Claude RAG MCP Pipeline

Claude RAG MCP Pipeline

Enables Claude Desktop to search and query personal document collections (PDF, Word, Markdown, text) using semantic search and conversational AI with full context preservation across exchanges.

Category
访问服务器

README

Claude RAG Pipeline with MCP Integration

Retrieval Augmented Generation (RAG) system featuring conversational memory, hybrid knowledge modes, and Model Context Protocol (MCP) integration for document search functionality within Claude Desktop.

Features

  • Complete RAG Pipeline: Document processing, vector embeddings, semantic search, and LLM-powered responses
  • Conversational Memory: Full ChatGPT-style conversations with context preservation across exchanges
  • Hybrid Knowledge Mode: Ability to switch between document-based responses and general knowledge
  • Semantic Chunking: Intelligent document segmentation that preserves meaning and context
  • MCP Integration: Native Claude Desktop integration for document access functionality
  • Multi-format Support: PDF, Word, Markdown, and plain text documents
  • Vector Database: ChromaDB for efficient semantic search
  • Web Interface: Streamlit app for document management and chat

Architecture

Documents → Semantic Processing → Vector Embeddings → ChromaDB → Retrieval → Claude API → Response
                                                                        ↓
                                                                 MCP Protocol
                                                                        ↓
                                                                Claude Desktop

Tech Stack

  • LLM: Claude 3.5 (Anthropic API)
  • Embeddings: OpenAI text-embedding-ada-002 or local sentence-transformers
  • Vector Database: ChromaDB
  • Web Framework: Streamlit
  • Document Processing: PyPDF2, python-docx
  • Integration Protocol: Model Context Protocol (MCP)

Quick Start

Prerequisites

  • Python 3.8+
  • OpenAI API key
  • Anthropic API key
  • Claude Desktop app (for MCP integration)

Installation

  1. Clone the repository:
git clone https://github.com/yourusername/claude-rag-mcp-pipeline.git
cd claude-rag-mcp-pipeline
  1. Create virtual environment:
python3 -m venv rag_env
source rag_env/bin/activate
  1. Install dependencies:
pip install -r requirements.txt
  1. Configure environment variables:
cp .env.example .env
# Edit .env with your API keys

Basic Usage

  1. Create documents folder:
mkdir documents
  1. Add documents to the documents/ folder (PDF, Word, Markdown, or text files)

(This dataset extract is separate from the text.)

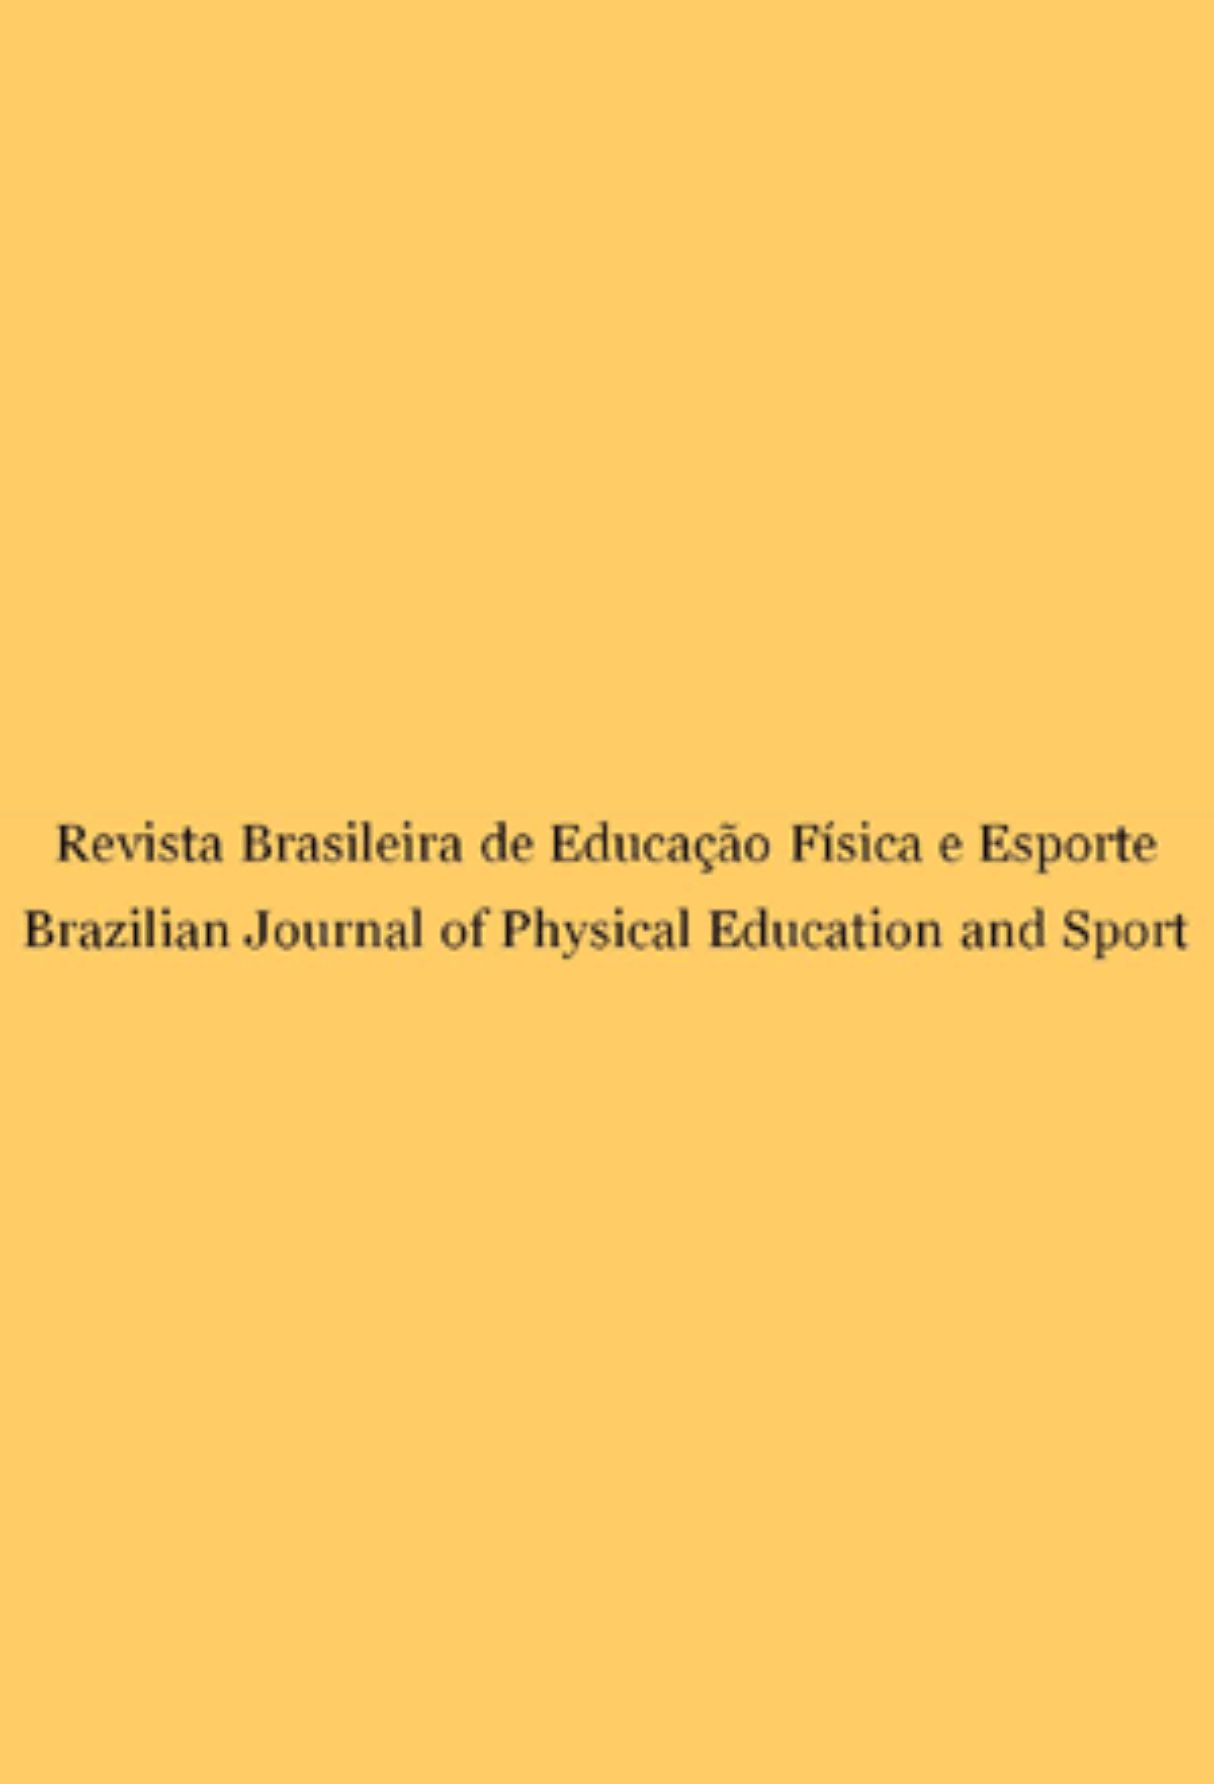 Capa: Revista Brasileira de Educação Física e Esporte
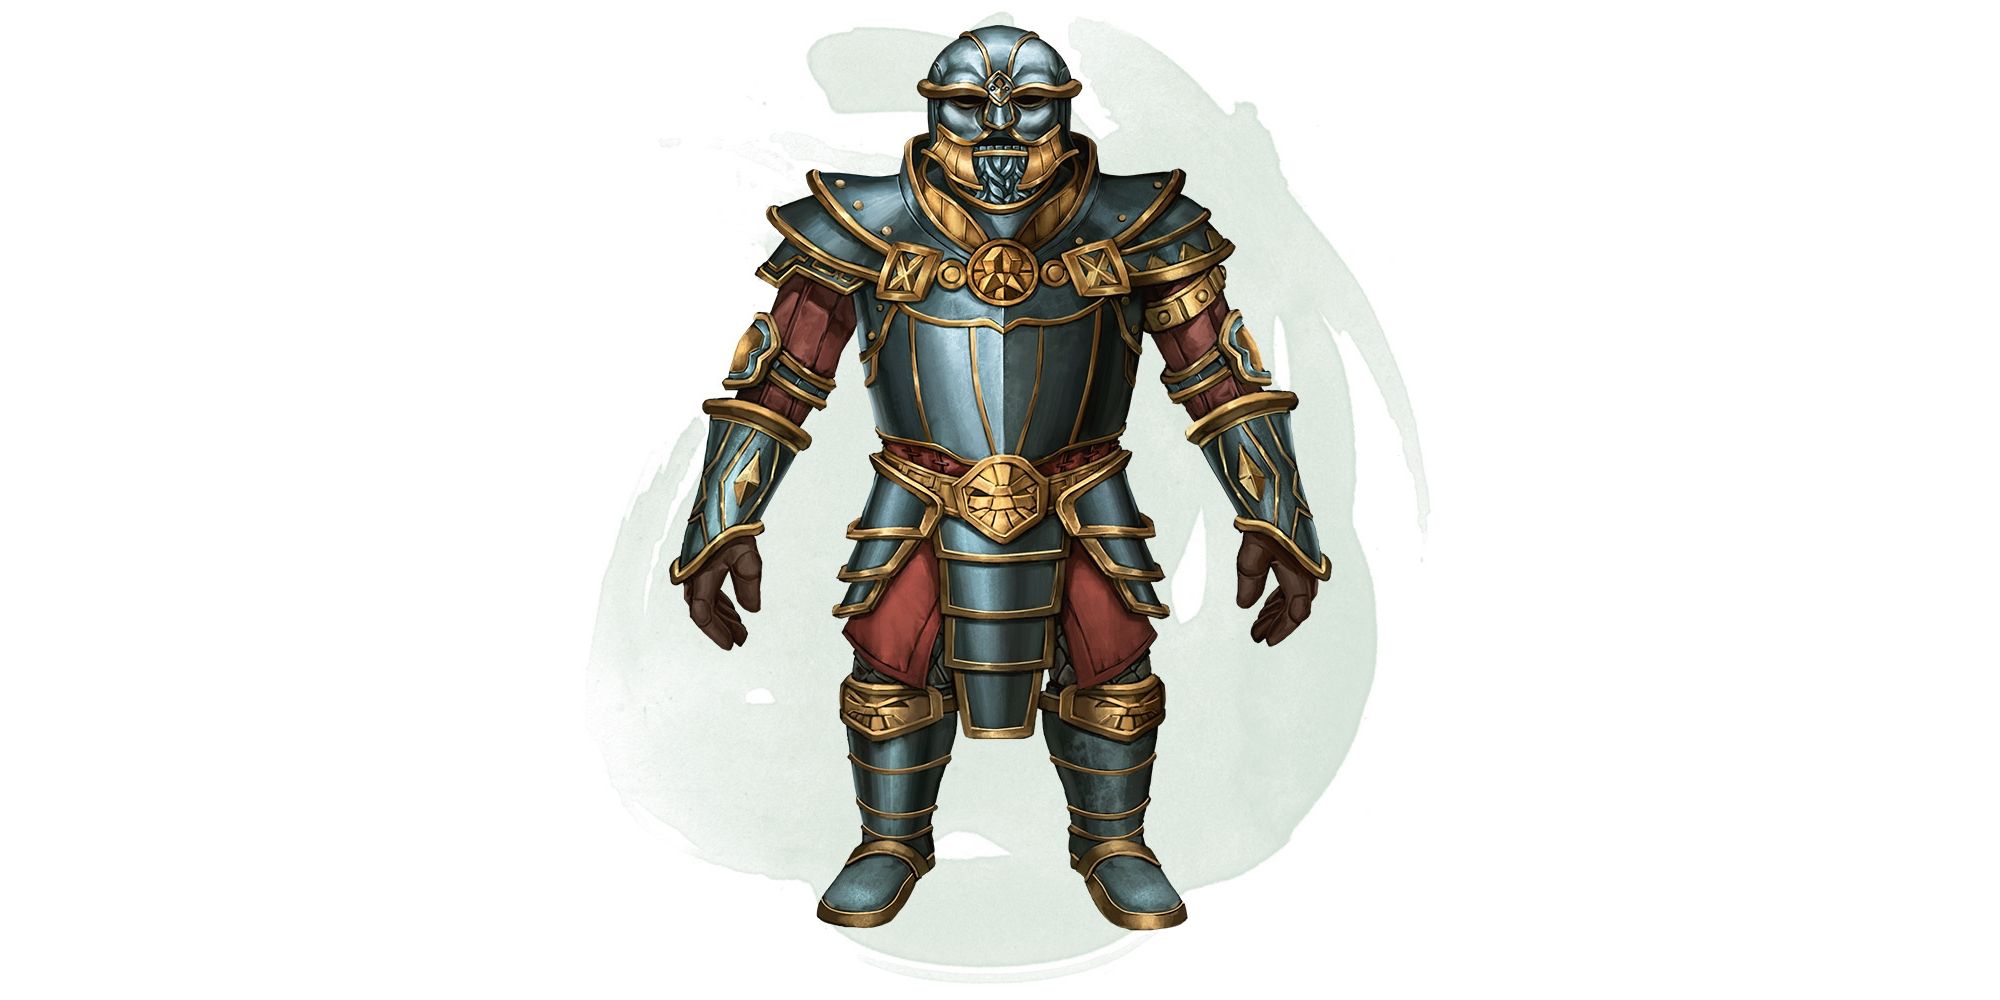 Armor Kebal dari DnD, dengan pelat kebiruan dan emas.

  2. Start the Streamlit app:

streamlit run app.py
  1. Ingest documents using the sidebar interface

  2. Chat with your documents using the conversational interface

MCP Integration (Advanced)

Connect your RAG system to Claude Desktop for native document access:

  1. Configure Claude Desktop (create config file if it doesn't exist):
# Create the config file if it doesn't exist
mkdir -p "~/Library/Application Support/Claude"
touch "~/Library/Application Support/Claude/claude_desktop_config.json"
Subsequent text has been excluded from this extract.